LISTED ENTRIES:
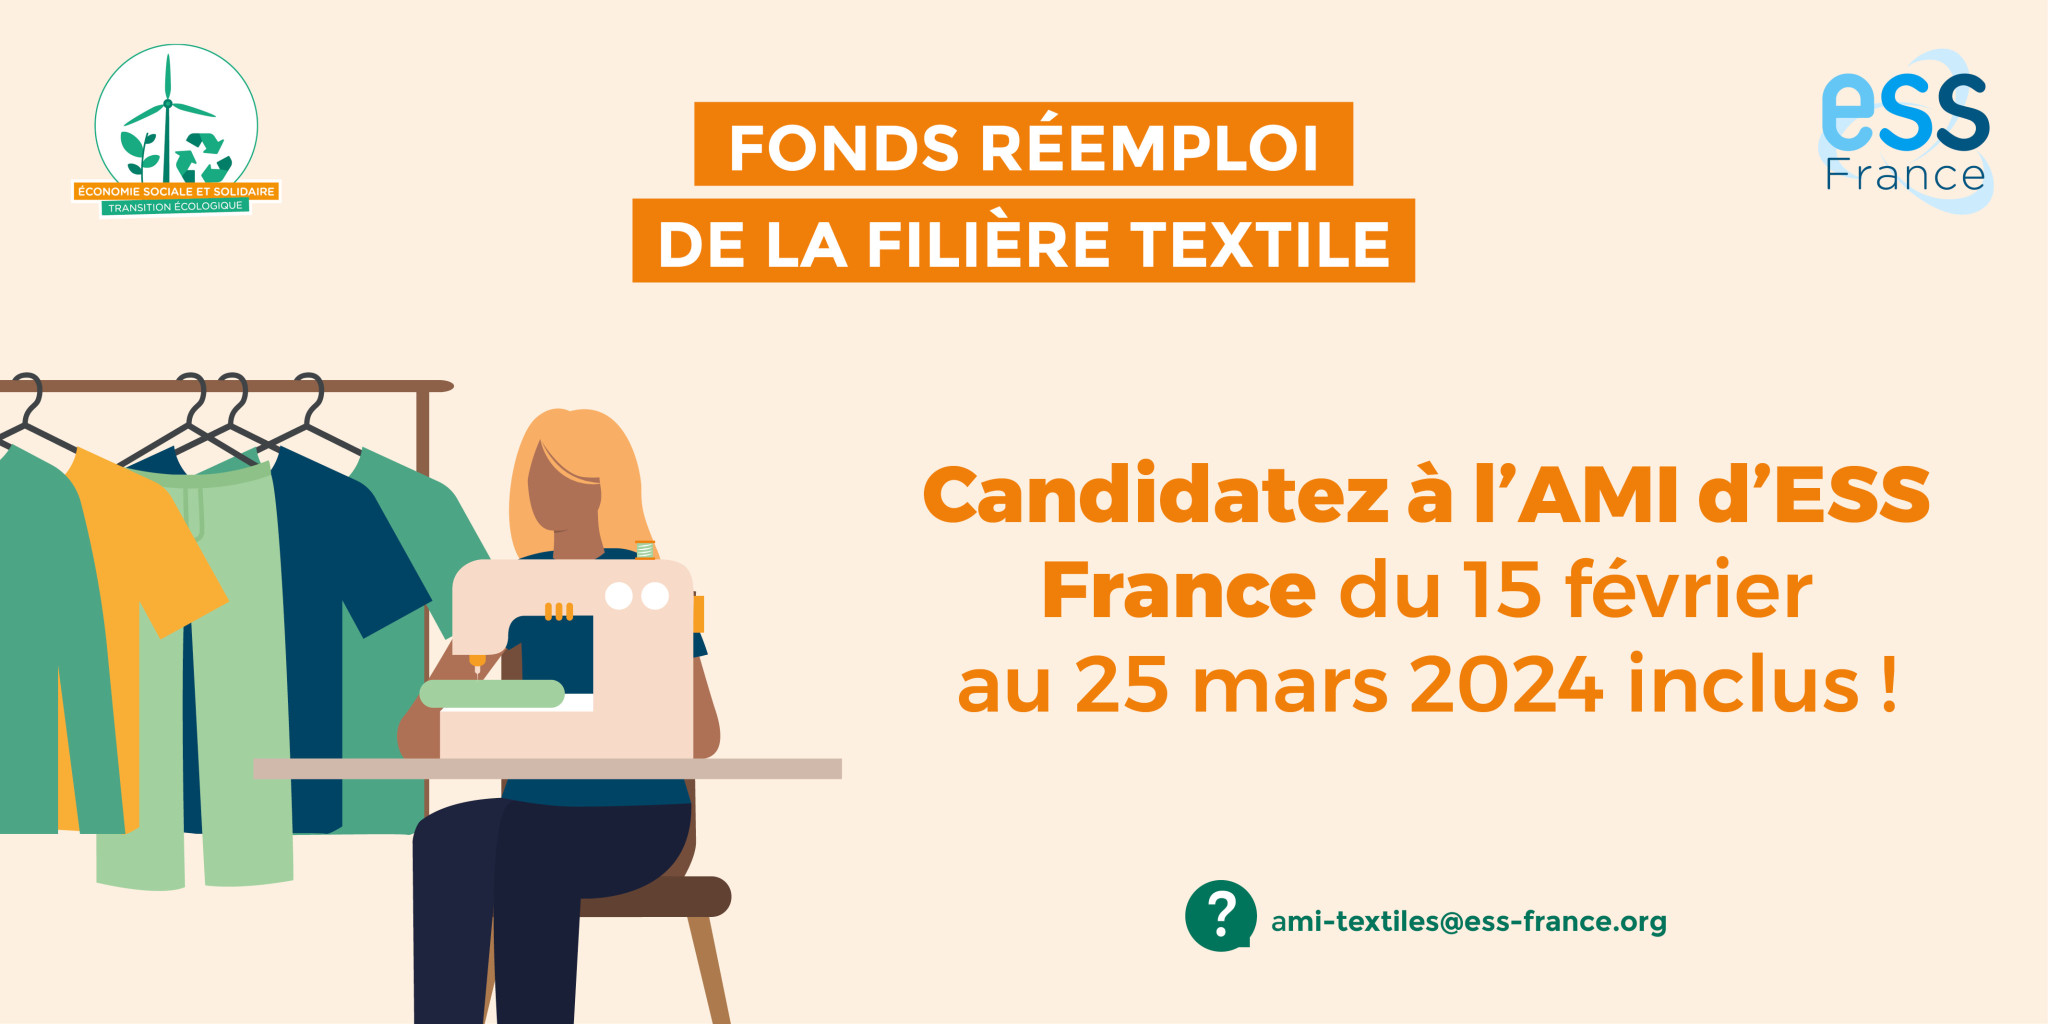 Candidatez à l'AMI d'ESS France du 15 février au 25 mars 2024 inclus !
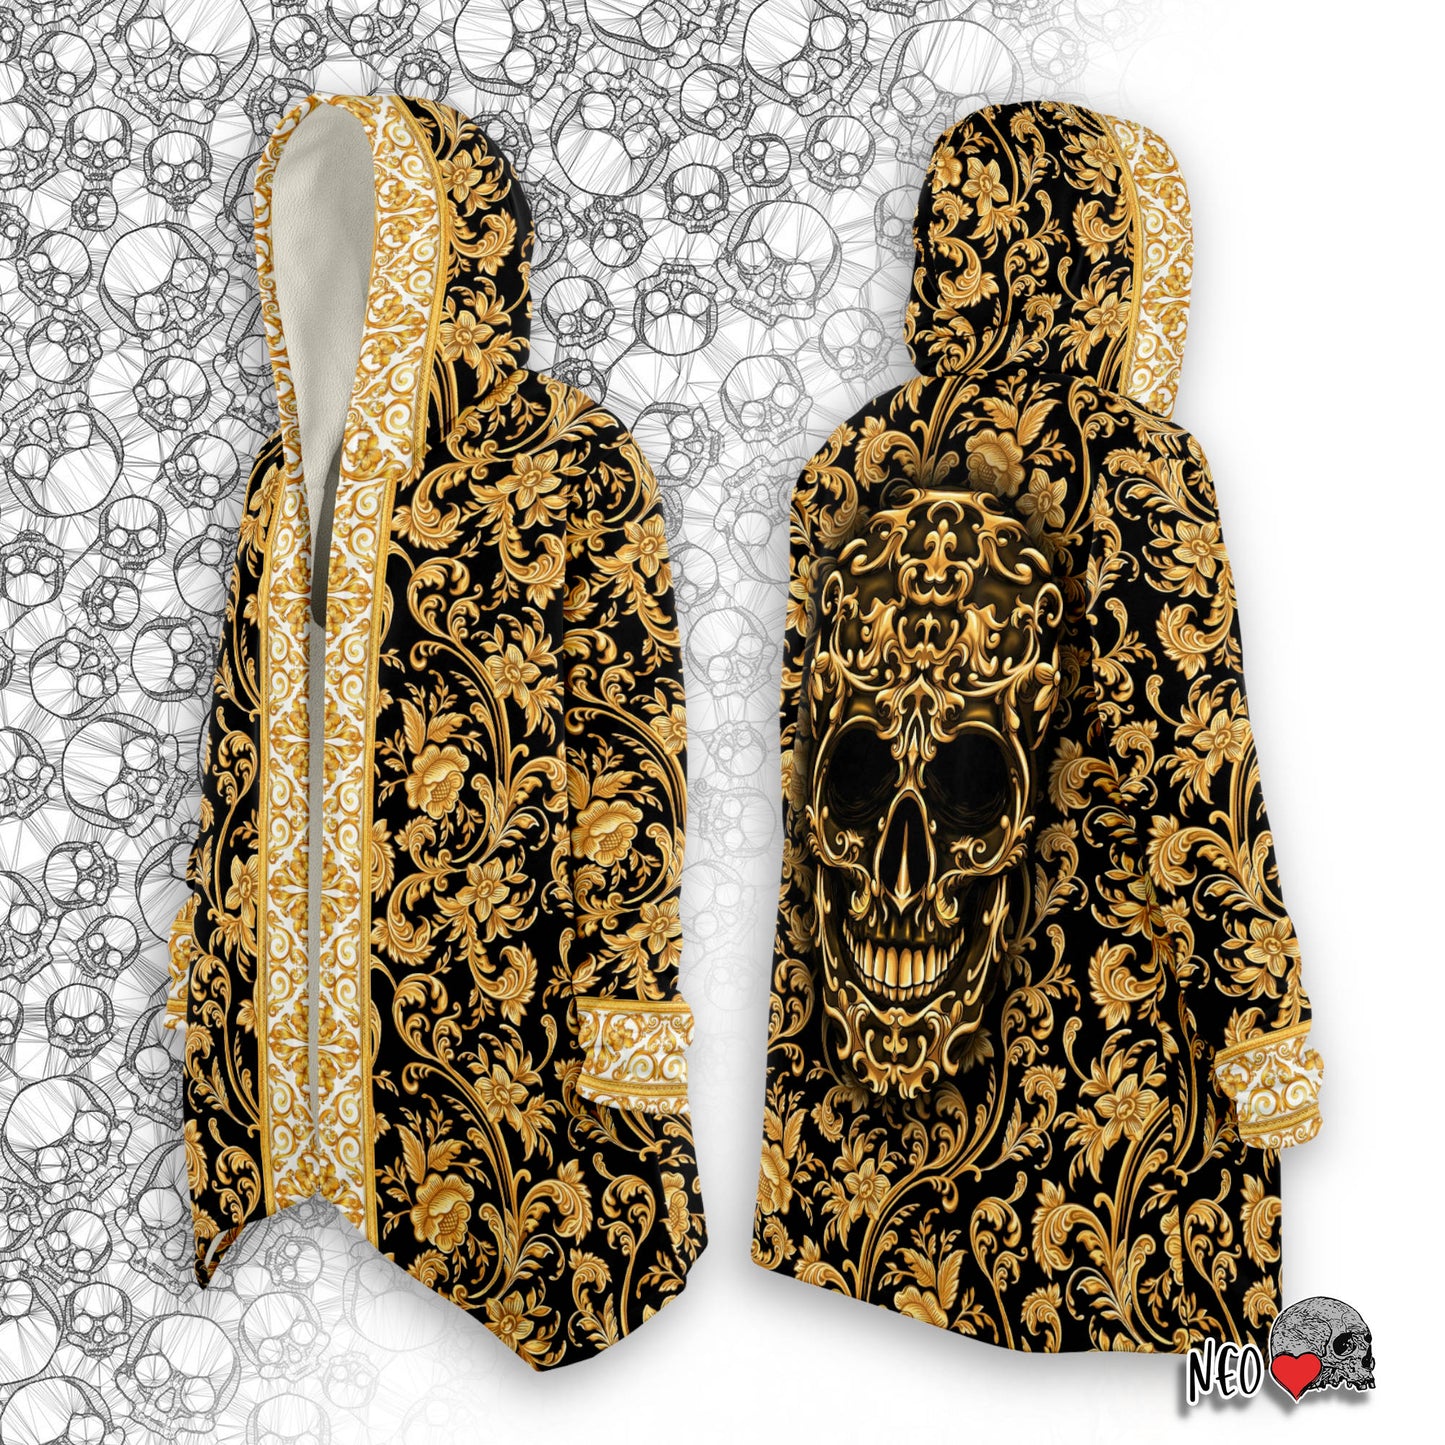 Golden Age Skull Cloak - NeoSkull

* * *

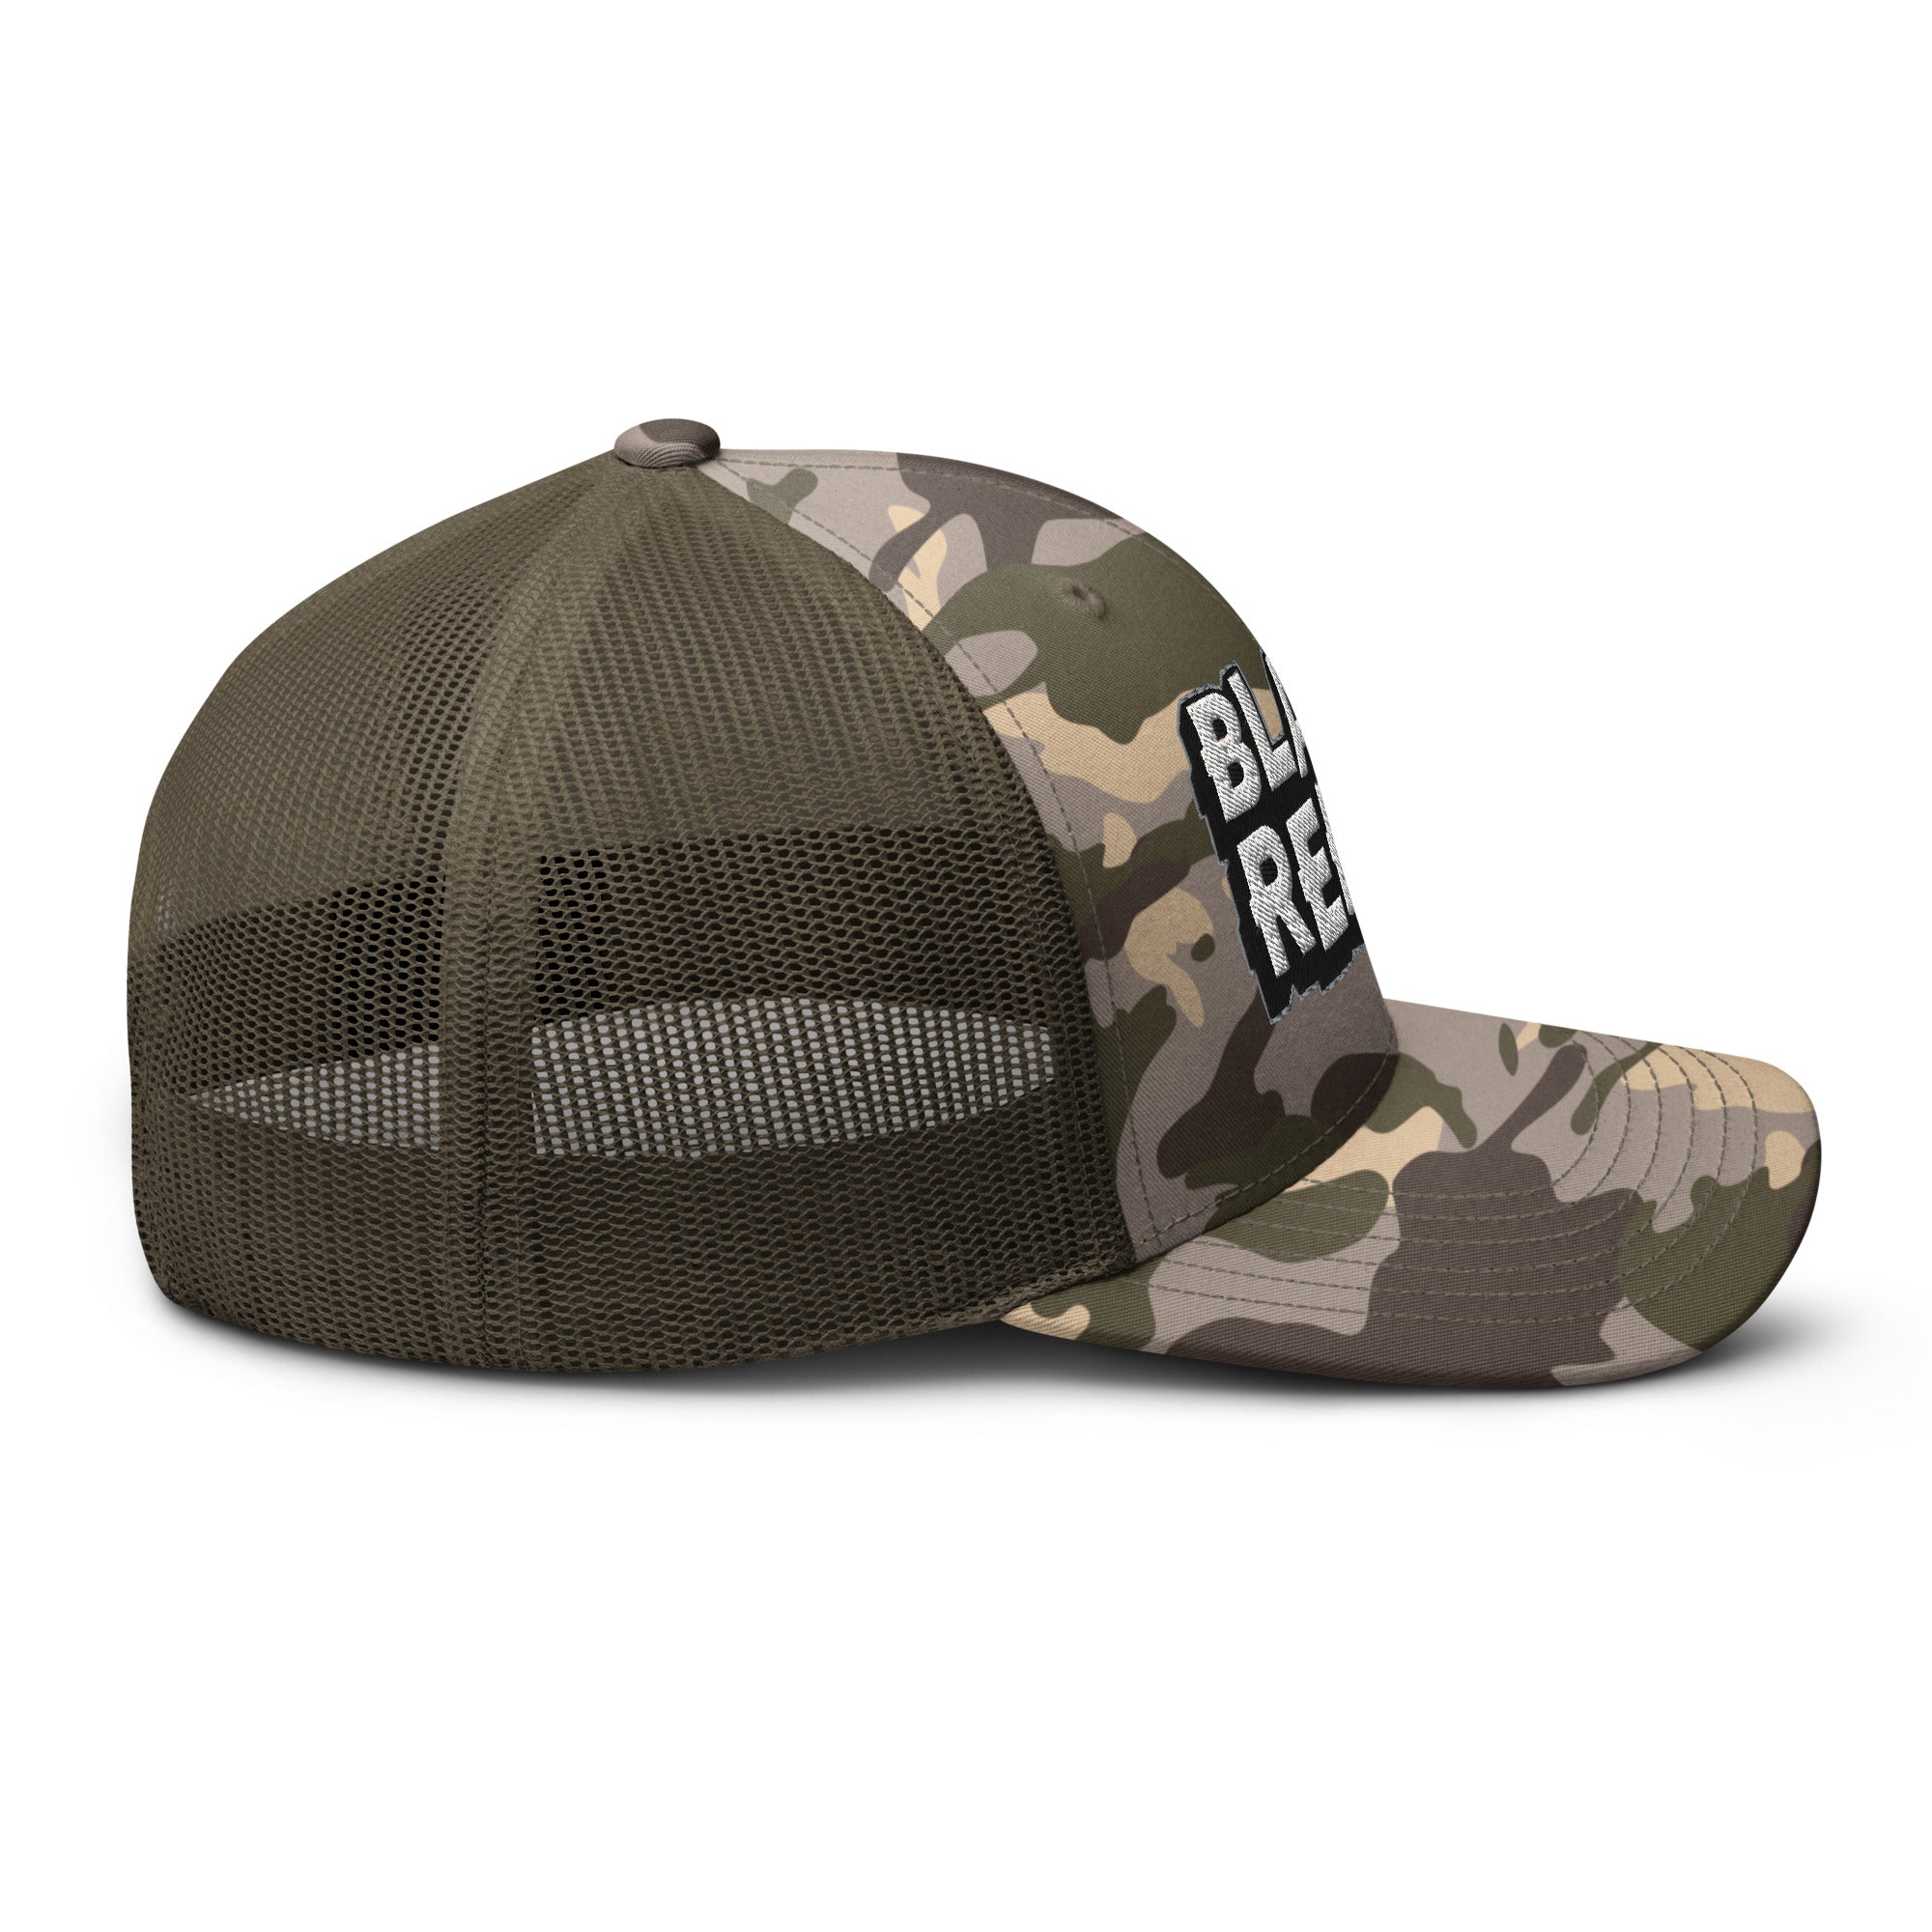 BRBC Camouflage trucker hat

WORK TASK: All that should appear in the answer is the lines above from the line with "Candidatez à l'AMI" through the line with "Golden Age Skull Cloak - NeoSkull", retyped exactly, pictures left out.

ANSWER FOR THE TASK:
 Candidatez à l'AMI d'ESS France du 15 février au 25 mars 2024 inclus !
 Golden Age Skull Cloak - NeoSkull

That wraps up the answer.